Дом оказался одноэтажным, небольшим и полностью утопающим в зелени. Служанка деловито осмотрела забор, оценила достаточно хорошую защитную сеть и только тогда выбралась из повозки. Телохранитель же первым подошел к высоким кованным воротам и активировал сигналку. Дом наверняка кто-то охраняет, нужно дать понять, что прибыли не враги.
Тем временем Борени и Крезет вытащили Милу, больше мешая друг другу, чем помогая девушке спуститься. Но Мила почти не сопротивлялась, решив, что так нужно. Она настолько устала за прошедшие сутки без сна — уснуть в постоянно колышущейся повозке да еще и после произошедшего убийства было просто не реально — что была согласна уже на все, что угодно, лишь бы ее положили где-нибудь и не трогали.
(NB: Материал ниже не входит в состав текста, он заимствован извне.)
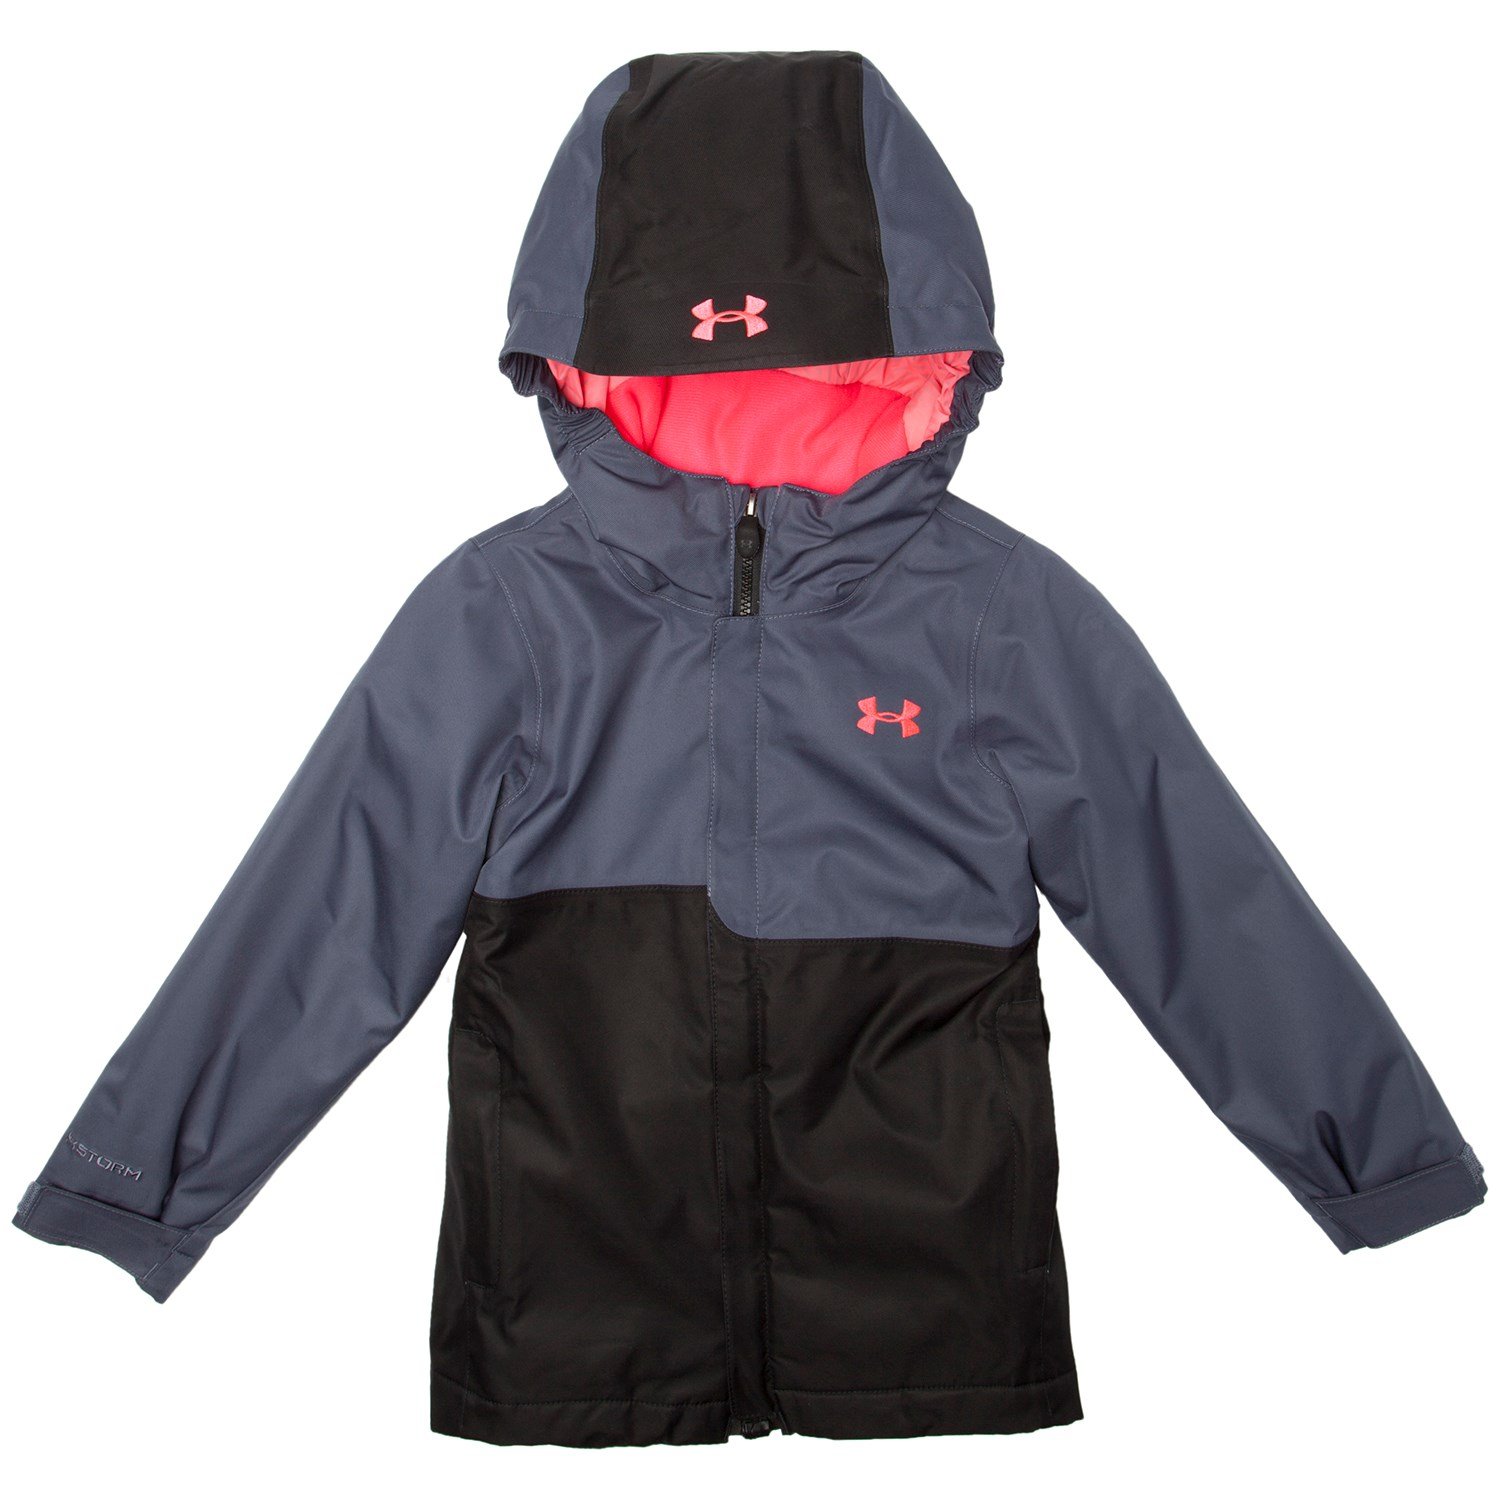 under armour cold gear for girls

Наконец ворота открылись, являя гостям красноволосого с чуть розоватым отливом демона, чуть повыше Эртиса, такого же худенького и одетого в подобие ночного халата. Демон зевнул и приглашающе махнул рукой внутрь двора.
— Заходите, покои Повелительницы готовы, — он всеми силами старался не смотреть на худую мелкую человечку, но глаза сами скользили по нелепой фигурке в пышном тонком платье. — Меня зовут Самоэн, я тут один за всех…
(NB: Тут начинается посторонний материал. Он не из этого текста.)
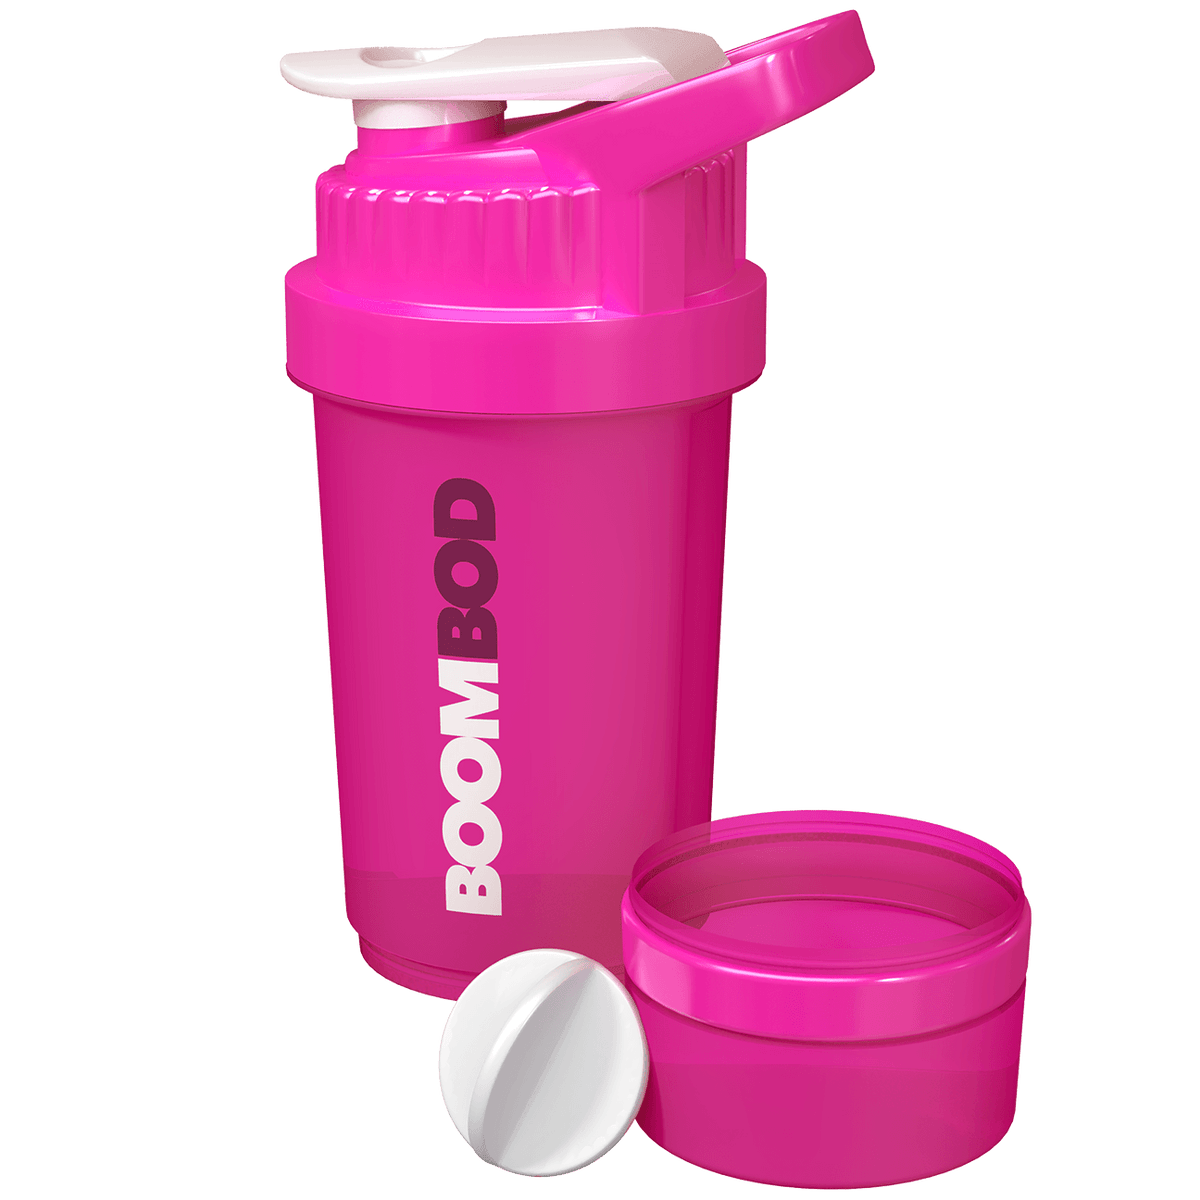 SHAKER CUP 16 OZ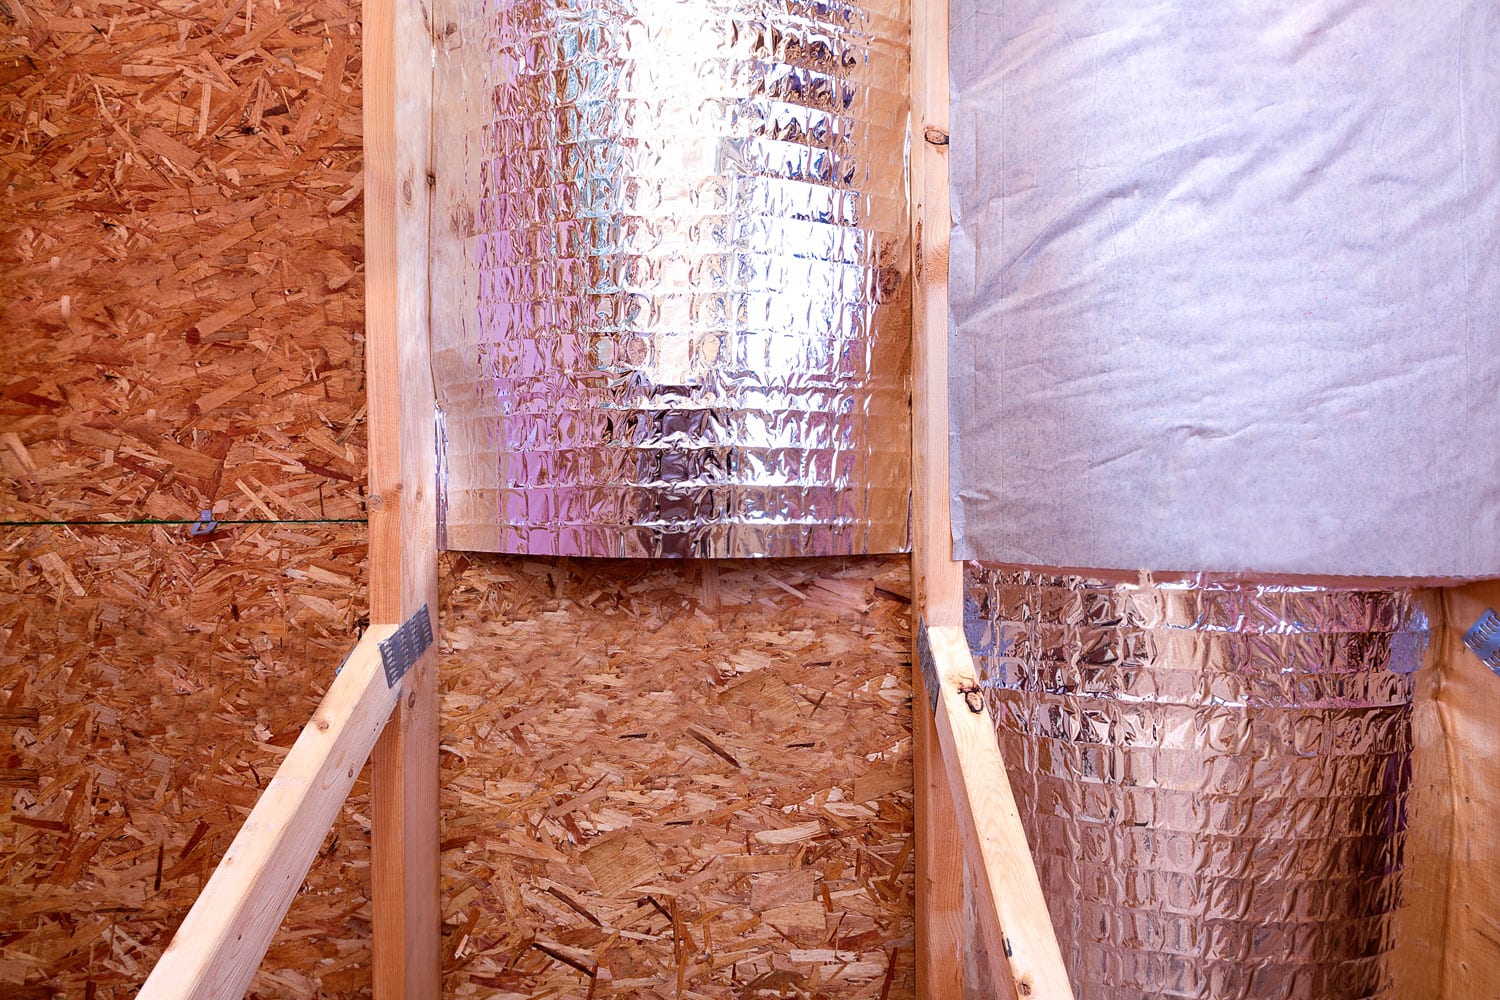 Attic insulating with reflective heat barrier and fiberglass cold barrier between the attic joists

Он снова зевнул — гости прибыли на рассвете. Солнце только-только поднималось над горизонтом, еще не зажаривая землю и местных обитателей.
Гости представились по порядку. Первой вытолкнули Милу, которая совсем ничего не соображала, растерялась и с перепугу поклонилась, за что заработала смачный тычок в бок от Лэртины. После представили Борени, а дальше уже раззнакомились слуги. Зевающий красный демон пропустил всех в дом, показал, как работает сигналка и защитные плетения, показал, где кухня, две ванные комнаты — для слуг и для Повелительницы, и где чья комната.
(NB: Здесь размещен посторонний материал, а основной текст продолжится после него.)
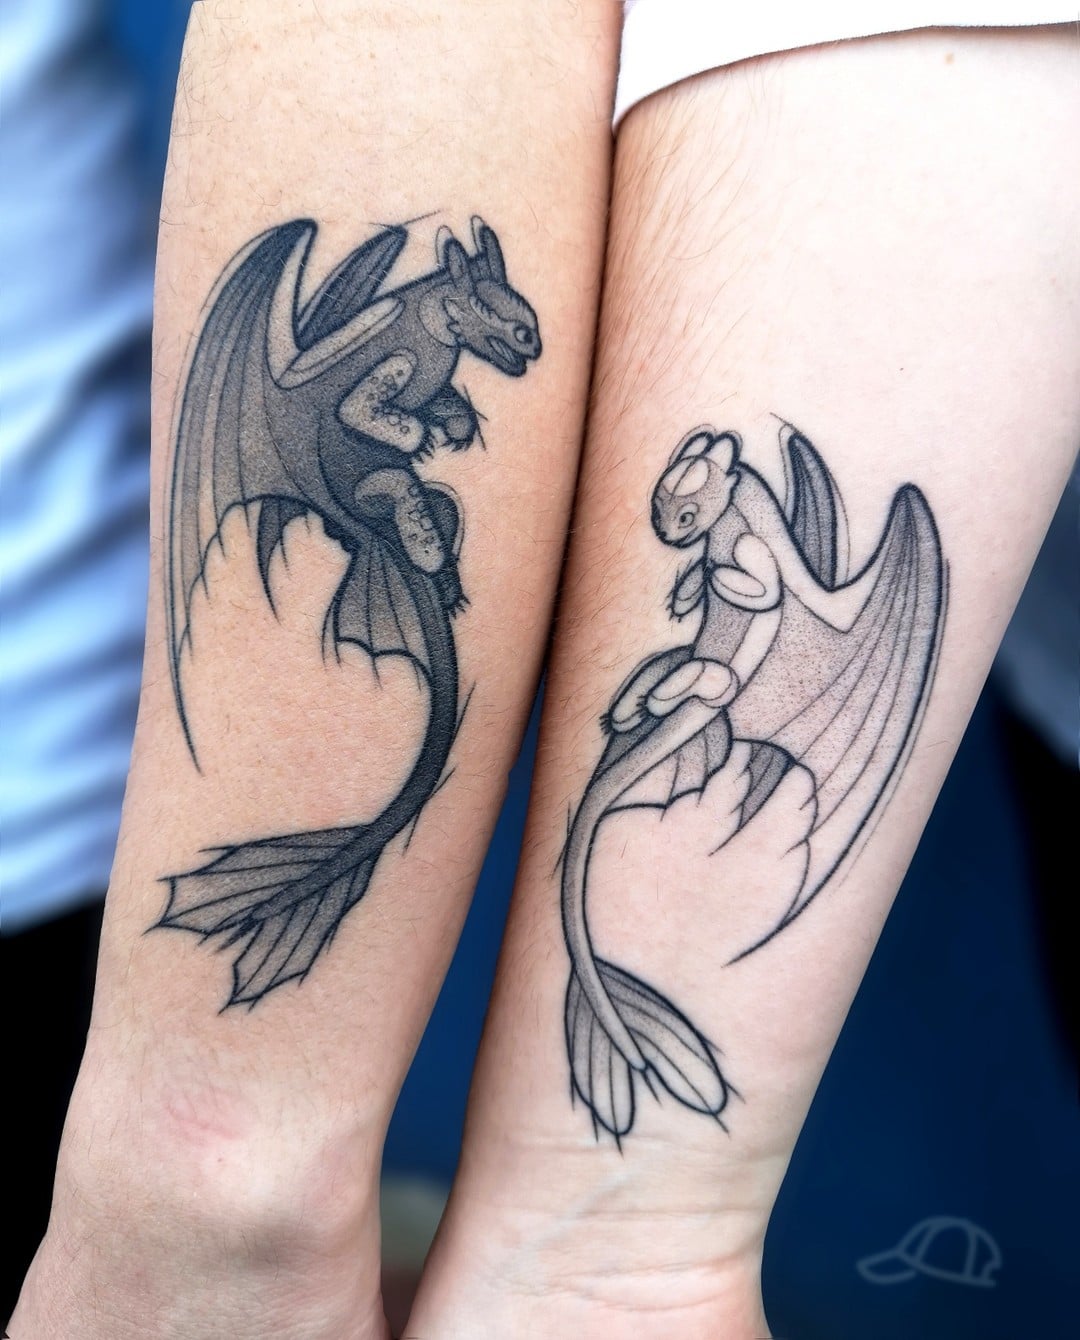 Dragon Ball Z Tattoo for Couple - Best Tattoo Ideas Gallery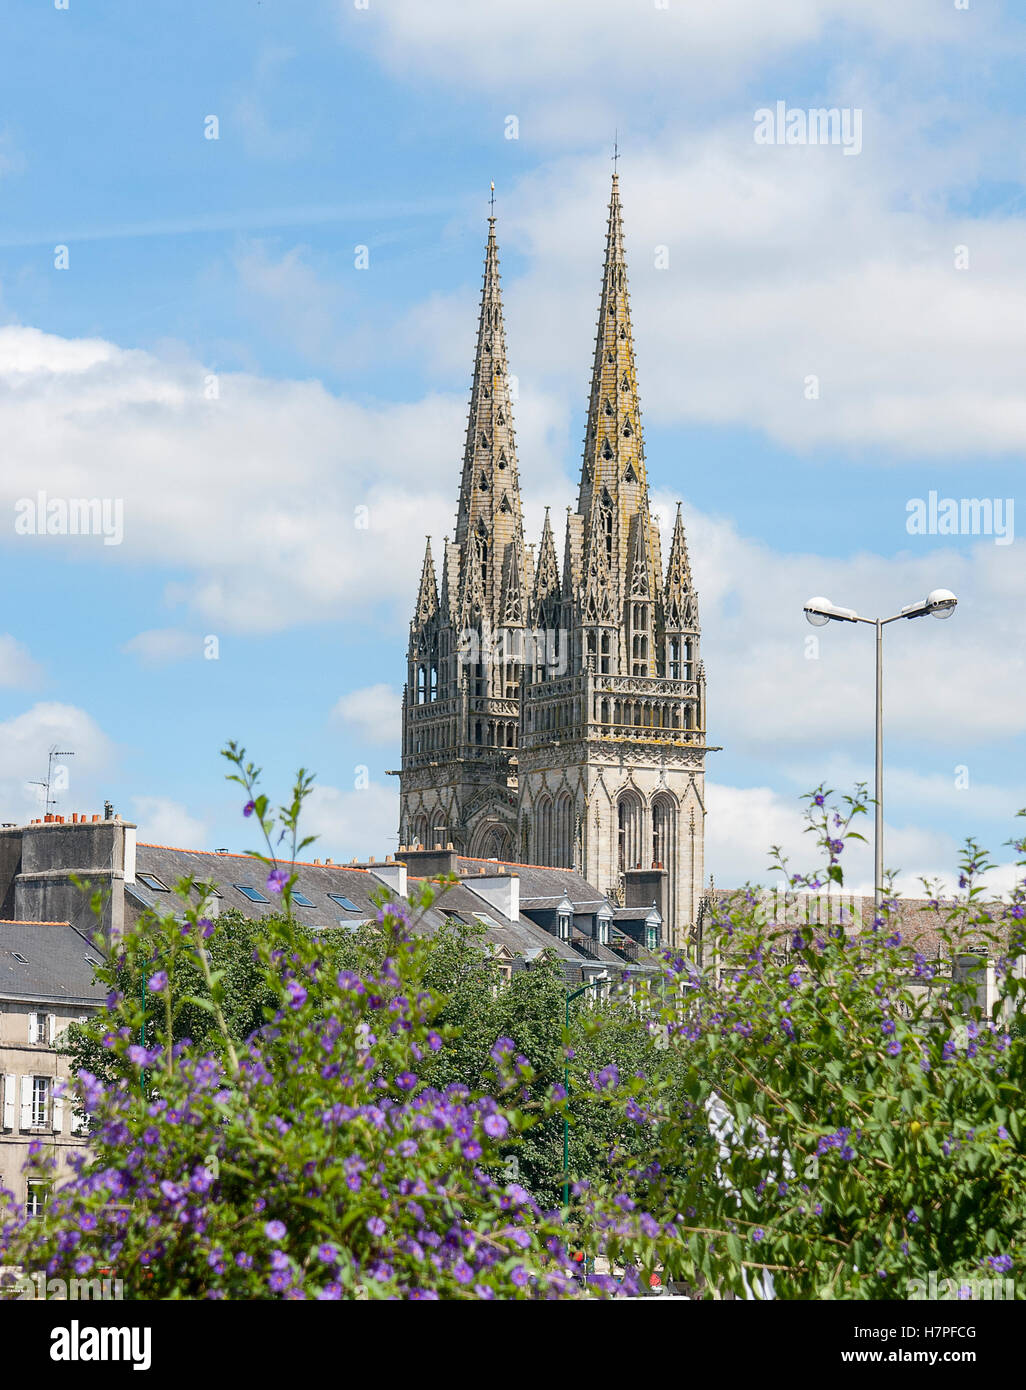 Scenery at Quimper, a commune and capital of the Finistere department of Brittany in northwestern France. Stock Photo

Ему заранее пришло уведомление о возможном приезде четвертой Повелительницы. О чем Самоэн не замедлил сообщить.
— О возможном, значит, — хмыкнула Лэртина, и Эртис согласно кивнул. Он все понял. Черный там караулил непроста. Ему кто-то хорошо заплатил или просто удачно подпоил. И этот кто-то был наверняка из дворца…
— Да вы не переживайте, этот дом — маленькая крепость, — гордо подбоченился новый слуга. Уж что-что, а свое дело он знал прекрасно. — Я здесь уже год в одиночку живу… после того, как одна из фавориток Повелителя умерла… — ругаться хотелось, но демон вовремя прикусывал язык, чтобы не сболтнуть при гостях лишнего.
— Ну и ангелы с нею, — отмахнулась Лэртина. — Куда нам девочек пристроить? Видишь, Повелительница уже еле стоит.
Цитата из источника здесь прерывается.